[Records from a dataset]
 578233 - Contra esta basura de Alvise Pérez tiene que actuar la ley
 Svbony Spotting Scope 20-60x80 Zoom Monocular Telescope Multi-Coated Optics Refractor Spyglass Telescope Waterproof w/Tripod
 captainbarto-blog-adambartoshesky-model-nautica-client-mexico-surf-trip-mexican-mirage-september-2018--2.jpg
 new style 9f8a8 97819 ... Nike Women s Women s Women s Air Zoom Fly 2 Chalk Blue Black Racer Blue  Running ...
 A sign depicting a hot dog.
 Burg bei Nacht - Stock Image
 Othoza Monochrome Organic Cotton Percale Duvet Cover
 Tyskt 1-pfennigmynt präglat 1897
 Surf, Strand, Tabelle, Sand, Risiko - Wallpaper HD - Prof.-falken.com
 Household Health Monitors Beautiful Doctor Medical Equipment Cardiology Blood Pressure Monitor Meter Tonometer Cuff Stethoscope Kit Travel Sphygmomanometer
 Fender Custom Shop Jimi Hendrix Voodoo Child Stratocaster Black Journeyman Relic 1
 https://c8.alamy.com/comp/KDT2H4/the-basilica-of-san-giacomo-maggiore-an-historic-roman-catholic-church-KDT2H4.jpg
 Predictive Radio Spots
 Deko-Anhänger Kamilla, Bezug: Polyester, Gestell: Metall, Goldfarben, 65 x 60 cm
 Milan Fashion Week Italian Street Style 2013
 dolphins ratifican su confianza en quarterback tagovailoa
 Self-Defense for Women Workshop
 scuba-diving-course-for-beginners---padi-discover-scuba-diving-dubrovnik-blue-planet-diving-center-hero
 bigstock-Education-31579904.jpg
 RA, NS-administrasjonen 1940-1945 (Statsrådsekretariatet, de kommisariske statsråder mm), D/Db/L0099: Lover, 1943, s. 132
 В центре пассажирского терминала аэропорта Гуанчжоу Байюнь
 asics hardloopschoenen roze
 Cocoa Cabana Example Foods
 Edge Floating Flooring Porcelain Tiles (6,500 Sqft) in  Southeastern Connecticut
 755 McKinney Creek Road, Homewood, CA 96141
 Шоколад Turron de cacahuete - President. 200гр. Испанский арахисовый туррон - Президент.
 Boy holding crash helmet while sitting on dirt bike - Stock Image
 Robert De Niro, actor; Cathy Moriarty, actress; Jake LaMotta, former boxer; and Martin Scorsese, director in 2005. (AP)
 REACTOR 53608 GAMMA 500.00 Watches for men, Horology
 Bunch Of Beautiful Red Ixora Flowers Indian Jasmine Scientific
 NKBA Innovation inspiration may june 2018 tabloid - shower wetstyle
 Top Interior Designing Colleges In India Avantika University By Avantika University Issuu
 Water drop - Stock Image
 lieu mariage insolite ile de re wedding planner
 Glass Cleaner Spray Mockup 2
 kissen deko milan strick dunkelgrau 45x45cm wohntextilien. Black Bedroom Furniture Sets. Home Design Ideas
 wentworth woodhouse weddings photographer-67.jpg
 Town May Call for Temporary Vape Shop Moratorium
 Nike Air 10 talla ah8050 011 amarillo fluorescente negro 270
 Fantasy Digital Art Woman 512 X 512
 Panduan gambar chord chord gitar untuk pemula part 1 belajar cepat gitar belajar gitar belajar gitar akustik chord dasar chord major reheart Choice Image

What you should do: Nothing may be dropped or altered; repeat every record in full.

Result of this exercise:
 578233 - Contra esta basura de Alvise Pérez tiene que actuar la ley
 Svbony Spotting Scope 20-60x80 Zoom Monocular Telescope Multi-Coated Optics Refractor Spyglass Telescope Waterproof w/Tripod
 captainbarto-blog-adambartoshesky-model-nautica-client-mexico-surf-trip-mexican-mirage-september-2018--2.jpg
 new style 9f8a8 97819 ... Nike Women s Women s Women s Air Zoom Fly 2 Chalk Blue Black Racer Blue  Running ...
 A sign depicting a hot dog.
 Burg bei Nacht - Stock Image
 Othoza Monochrome Organic Cotton Percale Duvet Cover
 Tyskt 1-pfennigmynt präglat 1897
 Surf, Strand, Tabelle, Sand, Risiko - Wallpaper HD - Prof.-falken.com
 Household Health Monitors Beautiful Doctor Medical Equipment Cardiology Blood Pressure Monitor Meter Tonometer Cuff Stethoscope Kit Travel Sphygmomanometer
 Fender Custom Shop Jimi Hendrix Voodoo Child Stratocaster Black Journeyman Relic 1
 https://c8.alamy.com/comp/KDT2H4/the-basilica-of-san-giacomo-maggiore-an-historic-roman-catholic-church-KDT2H4.jpg
 Predictive Radio Spots
 Deko-Anhänger Kamilla, Bezug: Polyester, Gestell: Metall, Goldfarben, 65 x 60 cm
 Milan Fashion Week Italian Street Style 2013
 dolphins ratifican su confianza en quarterback tagovailoa
 Self-Defense for Women Workshop
 scuba-diving-course-for-beginners---padi-discover-scuba-diving-dubrovnik-blue-planet-diving-center-hero
 bigstock-Education-31579904.jpg
 RA, NS-administrasjonen 1940-1945 (Statsrådsekretariatet, de kommisariske statsråder mm), D/Db/L0099: Lover, 1943, s. 132
 В центре пассажирского терминала аэропорта Гуанчжоу Байюнь
 asics hardloopschoenen roze
 Cocoa Cabana Example Foods
 Edge Floating Flooring Porcelain Tiles (6,500 Sqft) in  Southeastern Connecticut
 755 McKinney Creek Road, Homewood, CA 96141
 Шоколад Turron de cacahuete - President. 200гр. Испанский арахисовый туррон - Президент.
 Boy holding crash helmet while sitting on dirt bike - Stock Image
 Robert De Niro, actor; Cathy Moriarty, actress; Jake LaMotta, former boxer; and Martin Scorsese, director in 2005. (AP)
 REACTOR 53608 GAMMA 500.00 Watches for men, Horology
 Bunch Of Beautiful Red Ixora Flowers Indian Jasmine Scientific
 NKBA Innovation inspiration may june 2018 tabloid - shower wetstyle
 Top Interior Designing Colleges In India Avantika University By Avantika University Issuu
 Water drop - Stock Image
 lieu mariage insolite ile de re wedding planner
 Glass Cleaner Spray Mockup 2
 kissen deko milan strick dunkelgrau 45x45cm wohntextilien. Black Bedroom Furniture Sets. Home Design Ideas
 wentworth woodhouse weddings photographer-67.jpg
 Town May Call for Temporary Vape Shop Moratorium
 Nike Air 10 talla ah8050 011 amarillo fluorescente negro 270
 Fantasy Digital Art Woman 512 X 512
 Panduan gambar chord chord gitar untuk pemula part 1 belajar cepat gitar belajar gitar belajar gitar akustik chord dasar chord major reheart Choice Image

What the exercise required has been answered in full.